Southers es también autor del libro Homegrown Violent Extremism. En un informe para el Centro de Seguridad Nacional de la USC, advirtió que los indicadores extremistas incluyen una fuerte identificación “con musulmanes percibidos como víctimas (palestinos, iraquíes…)” y albergar “un agravio (como una injusticia percibida o victimización) y una ira asociada dirigida hacia los Estados Unidos”.

Esta tormenta perfecta muestra hasta qué punto los estudiantes no están dispuestos a tomar medidas para concienciar a la población sobre la matanza de civiles en Gaza por parte de Israel. En pocas palabras, el aparato de seguridad de nuestra universidad está predispuesto a verlos como una amenaza.

Si eso no fuera suficientemente malo, no esperen ninguna presión para que se lleven a cabo reformas por parte de la adinerada Junta Directiva de la USC. La junta incluye al promotor inmobiliario y ex candidato a la alcaldía Rick Caruso, el multimillonario anfitrión de galas pro-israelíes en Los Ángeles, que respaldó las acciones de la USC la primavera pasada, y la multimillonaria de extrema derecha Miriam Adelson, una estadounidense de origen israelí que quiere que Israel se anexione Cisjordania.

Frente a la riqueza y el poder institucional de las universidades, ha recaído sobre el profesorado universitario la tarea de defender a los estudiantes vulnerables, recordar a los dirigentes de la USC los valores de apertura e investigación que dice representar y preguntar: ¿cómo concilia la USC su cultura cerrada, hermética e impulsada por la seguridad con sus proclamaciones de libertad académica y “valores unificadores” para “defender lo que es correcto, independientemente del estatus o el poder”?

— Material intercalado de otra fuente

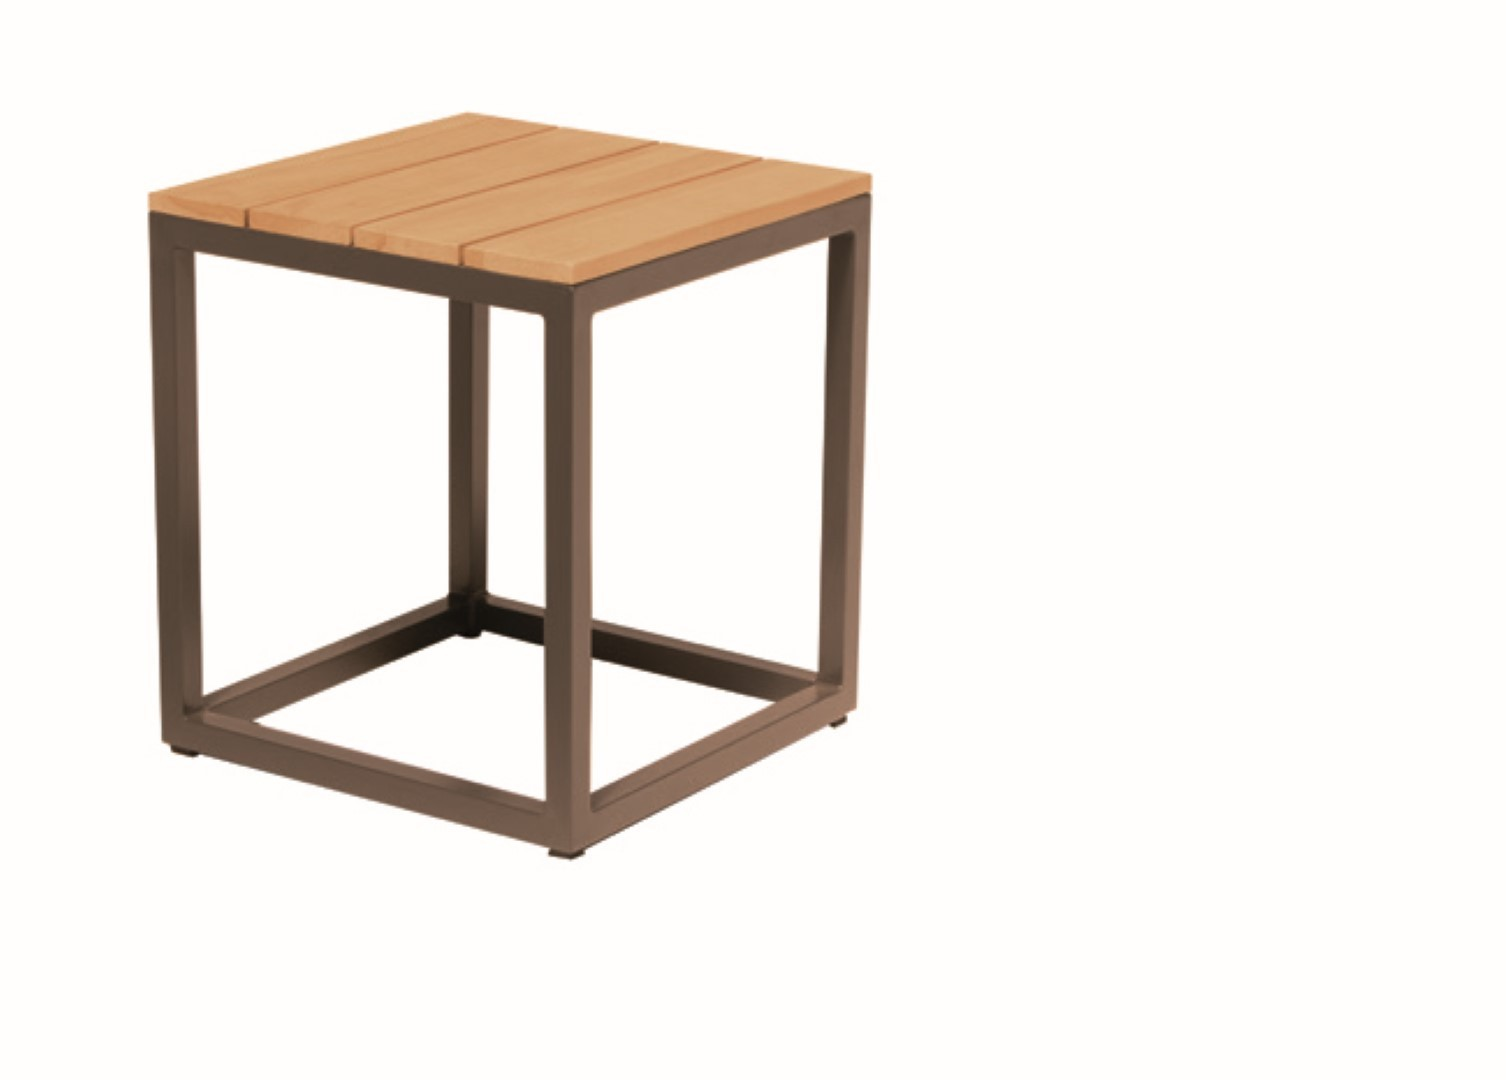 Rio Square Coffee Table Teak Top Rio S 40 x 40 cm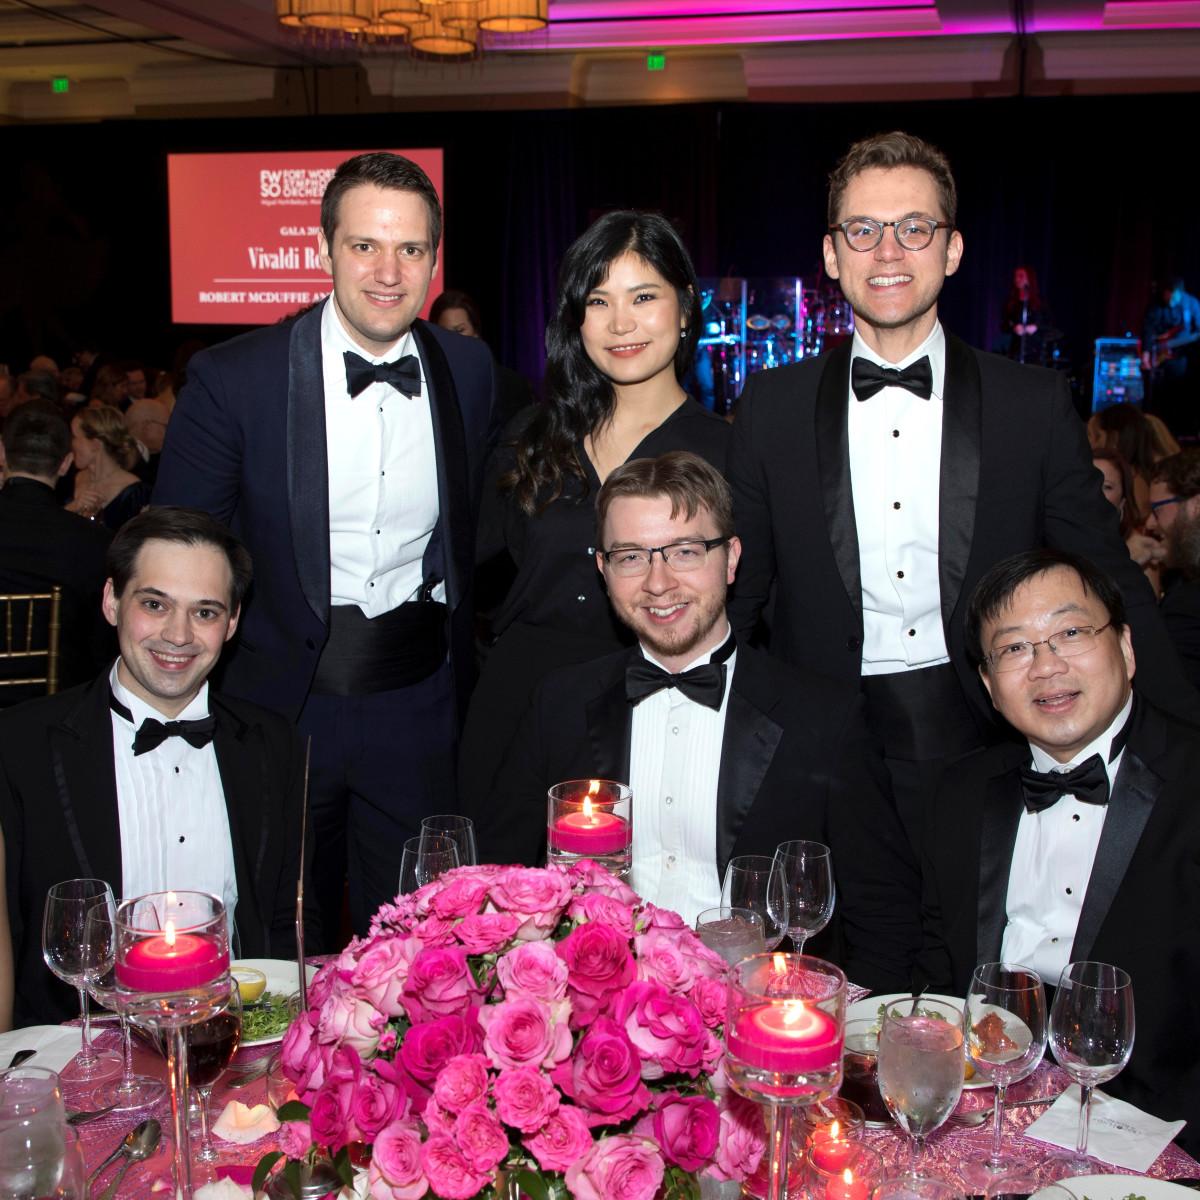 Jake Fridkis, HeeSun Yang, Gabe Fridkis. Front Row: Ann Hung, Stas Cherynshev, Allan Steele, Michael Shih, & Tzu-Ying Jamie Chan

Todavía hay tiempo para que el presidente Folt y los presidentes de universidades de todo Estados Unidos den marcha atrás en todo esto. Levanten todas las sanciones contra nuestros estudiantes, defiendan la libertad de expresión y abran nuevamente nuestros campus. No es demasiado tarde para ver el enorme daño que se está haciendo y dar marcha atrás. No hacerlo consolidaría el papel de las universidades como espacios represivos donde la libertad de expresión y de investigación no son bienvenidas.

Las opiniones expresadas en este artículo son las del autor y no reflejan necesariamente la postura editorial de Al Jazeera.